[PROBLEM DESCRIPTION] Repeat the entries verbatim.

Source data
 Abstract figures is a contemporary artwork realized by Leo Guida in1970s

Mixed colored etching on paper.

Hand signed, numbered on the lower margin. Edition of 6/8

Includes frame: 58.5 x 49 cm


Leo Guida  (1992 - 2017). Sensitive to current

[RESPONSE]
 Abstract figures is a contemporary artwork realized by Leo Guida in1970s

Mixed colored etching on paper.

Hand signed, numbered on the lower margin. Edition of 6/8

Includes frame: 58.5 x 49 cm


Leo Guida  (1992 - 2017). Sensitive to current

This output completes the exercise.